Parlamentswahl in Bulgarien

Erst auf den zweiten Blick: Eine Wählerin gibt am Sonntag ihre Stimme in Sofia ab.

(Foto: Valenitna Petrova/dpa)

Der Ministerpräsident verpasst die absolute Mehrheit. Viele Stimmen bekommt die Protestpartei eines früheren TV-Moderators.

Die Partei von Ministerpräsident Boiko Borissow konnte sich bei den Wahlen in Bulgarien als stärkste politische Kraft behaupten, steht aber vor komplizierten Verhandlungen für ein neues Regierungsbündnis. Borissows Partei GERB erhielt den Prognosen von Gallup International und weiteren Meinungsforschungsinstituten zufolge etwa 25 Prozent der Stimmen. Vor vier Jahren hatte sie noch mehr als 33 Prozent der Stimmen errungen.

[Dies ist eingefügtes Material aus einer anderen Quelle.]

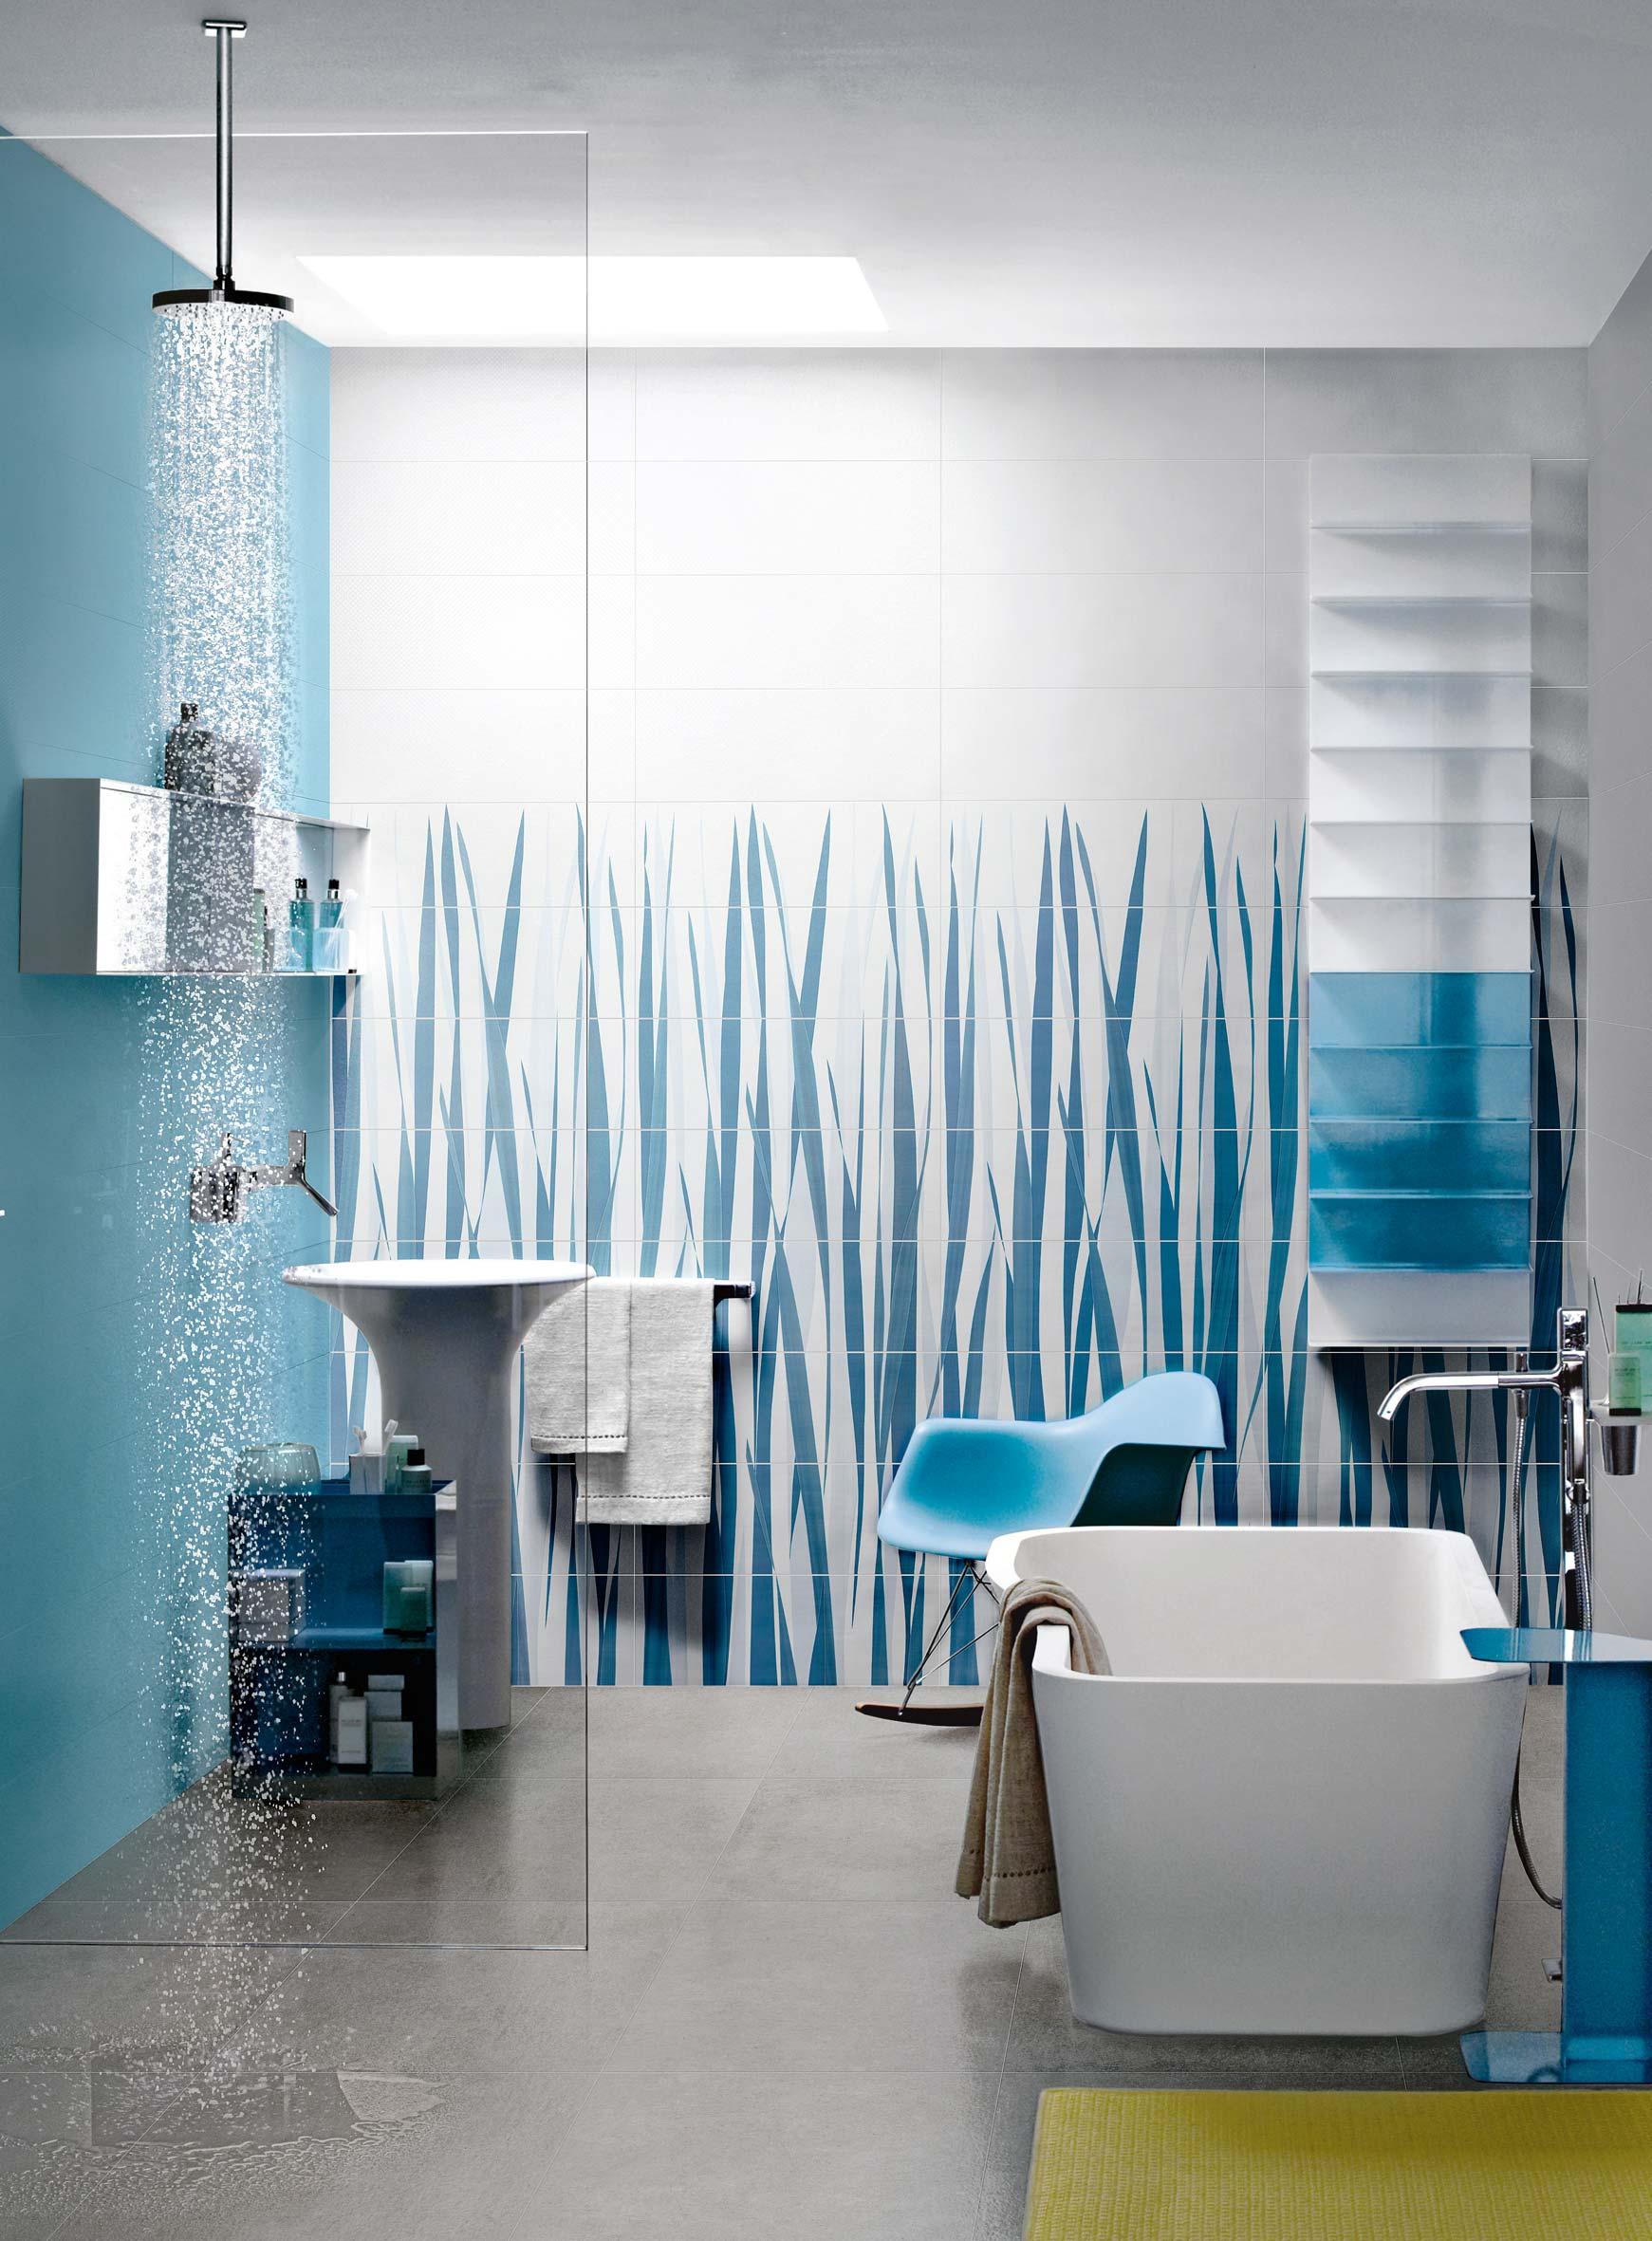 Bagni a mosaico azzurro e blu bagni colorati t bagno - Mosaico blu bagno ...
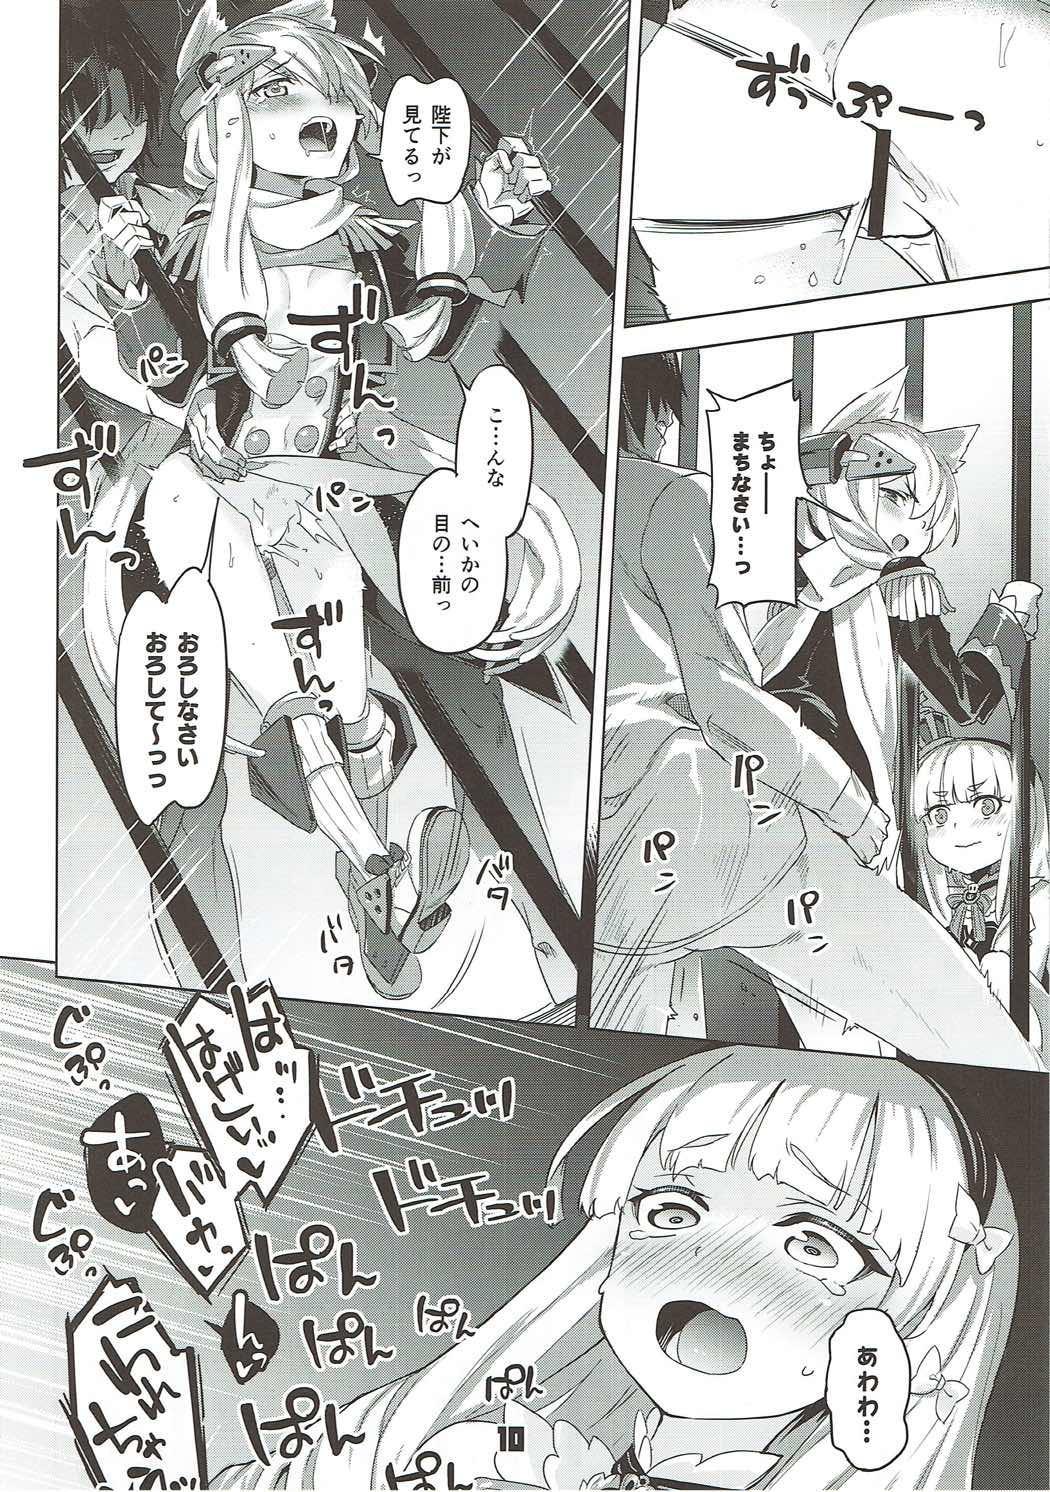 Kinpatsu Manaita no Template 8

Zudem zeichnet sich am Sonntagabend ein zersplittertes Parlament mit wohl sieben Parteien ab - es ist daher fraglich, ob Borissow nach der Wahl unter Corona-Bedingungen erneut eine Koalition schmieden kann.

Um den zweiten Platz gibt es ein Kopf-an-Kopf-Rennen: Sowohl der Protestpartei "Es gibt so ein Volk" (ITN) des TV-Moderators und Kabarettisten Slawi Trifonow als auch den oppositionellen Sozialisten werden 15 bis 17 Prozent eingeräumt. Zwei weitere Protestparteien, die von der türkischen Minderheit in Bulgarien geprägte DPS sowie die nationalistische WMRO, ziehen den Prognosen zufolge ebenfalls ins Parlament ein.

Die Parteien, die die Vier-Prozent-Hürde für den Einzug ins Parlament voraussichtlich überwunden haben, haben sehr unterschiedliche Prioritäten. Den einen ist die von Borissow angestrebte Einführung des Euro zum 1. Januar 2024 besonders wichtig, die Sozialisten setzen auf eine engere Zusammenarbeit mit Russland.

Der 61-jährige Borissow, ein Ex-Feuerwehrmann und Ex-Leibwächter, hat zuletzt an Popularität eingebüßt. Zwar hat er die Staatsverschuldung eher gering halten können und dafür gesorgt, dass Bulgarien im "Warteraum" für die Einführung des Euro sitzt. Allerdings war es 2020 zu monatelangen Straßenprotesten gekommen. Kritiker werfen Borissow Versagen im Kampf gegen die Korruption im Land und mangelnden Erfolg bei der Justizreform vor. Auch soll er EU-Gelder an Unternehmen weitergeleitet haben, die der GERB nahestehen. Borissow hat dies zurückgewiesen. Er steht seit 2009 mit einer kurzen Unterbrechung an der Spitze der Regierung.

Die Protestpartei ITN verkündete im Fernsehsender 7/8, dass sie keine Koalition mit den "Parteien des Status quo" - also Borissows GERB, den Sozialisten sowie der Partei der türkischen Minderheit DPS - eingehen werde.

Die Endergebnisse der Wahl werden Mitte der Woche erwartet.